É assim claro que a questão essencial para este caso (repete-se) é saber qual o alcance da condição imposta ao requerente do licenciamento (recorrido particular no recurso contencioso).
É a questão que vamos apreciar de seguida.
A informação onde é descrita a condição tem o seguinte teor:
“O processo está em condições de ser deferido e ser emitida a respectiva licença de construção condicionado:
(…)
Ao financiamento e execução do arruamento de acesso com 6 metros de largura e respectivo passeio com 2 metros de largura em calçada miúda de vidraço e lancil em calcário, nos termos estabelecidos no RIU – Regulamento de Infra-estruturas Urbanísticas” – fls. 86 do PA.
O despacho de deferimento veio a ser do seguinte teor:
“Deferido, nos termos das informações”
Pensamos que a condição só tem sentido se for reportada ao arruamento de acesso na extensão do prédio do requerente, como sustenta a Câmara Municipal da Figueira da Foz. De outro modo a condição era ininteligível, pois não definia a extensão do arruamento a ser arranjado, cujo cumprimento nem sequer consta do processo.
Não há qualquer razão, nem a menor indicação, para supormos que o arruamento deva ser arranjado, por força daquela condição, em todo a sua extensão, só a norte, ou só a sul do prédio do requerente do licenciamento.
Acresce que impor ao requerente de um licenciamento um arranjo que implicava entrar nos terrenos de outras pessoas equivalia, em termos práticos, a uma expropriação, o que também não tinha qualquer justificação.

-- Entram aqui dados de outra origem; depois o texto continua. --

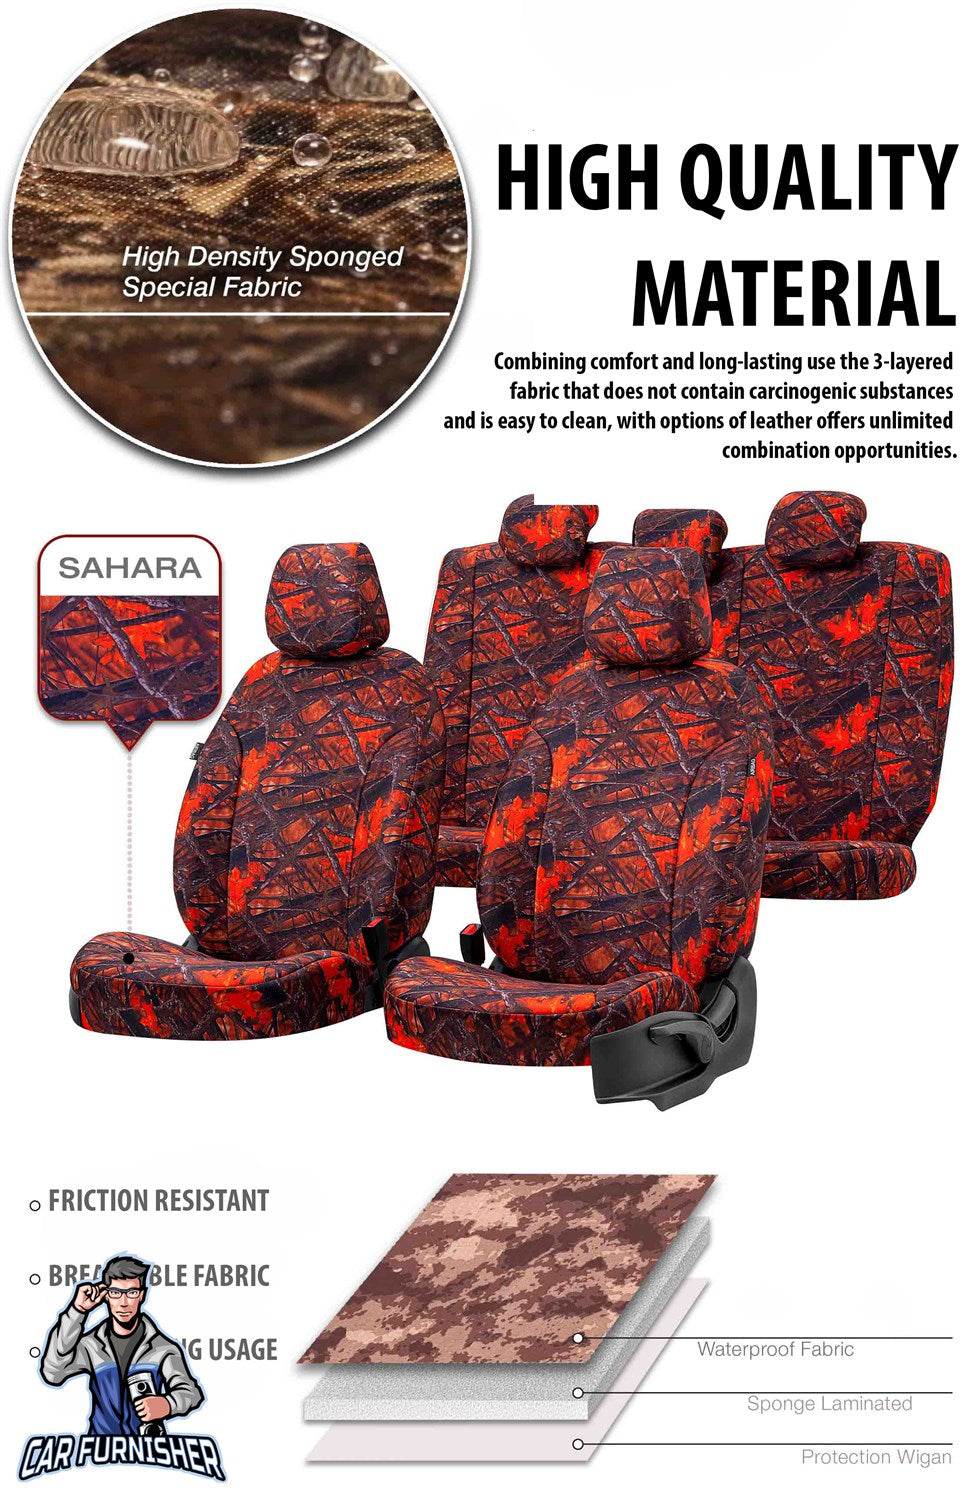 Bmw 2 Series Seat Cover Camouflage Waterproof Design Gobi Camo Waterproof Fabric

Julgamos, por isso, que a melhor leitura da condição imposta é a que a limita ao arruamento na parte em que faz fronteira com o terreno do requerente do licenciamento, pois só esta tem sentido: impor a alguém que ceda parte do seu terreno, e não terreno dos outros.
Esta interpretação encontra nas palavras da informação um mínimo de correspondência verbal, quando se refere ao “arruamento de acesso”. Esta expressão dá um suporte literal mínimo ao sentido acima recortado de restringir a obrigação imposta à parte do arruamento que dá acesso ao terreno do requerente do licenciamento, isto é, ao arruamento na parte em que confina com esse terreno.
Daí que a interpretação mais correcta da condição imposta seja a que limita a extensão do arranjo ao arruamento de acesso, na parte em que esse arruamento confina com o terreno do requerente do licenciamento.
Com esta interpretação o acto impugnado não tem qualquer erro nos pressupostos de facto, pois a condição pode ser cumprida sem invasão do terreno do vizinho.
Assim, nesta parte, a deliberação impugnada não sofre de qualquer vício.
3. Decisão
Face ao exposto os juízes da 1ª Secção do Supremo Tribunal Administrativo acordam em negar provimento ao recurso, embora a anulação do acto se mantenha apenas pelo vício acima referido.
Sem custas.
Lisboa, 7 de Junho de 2011- António Bento São Pedro (relator) – Fernanda Martins Xavier e Nunes – Jorge Manuel Lopes de Sousa.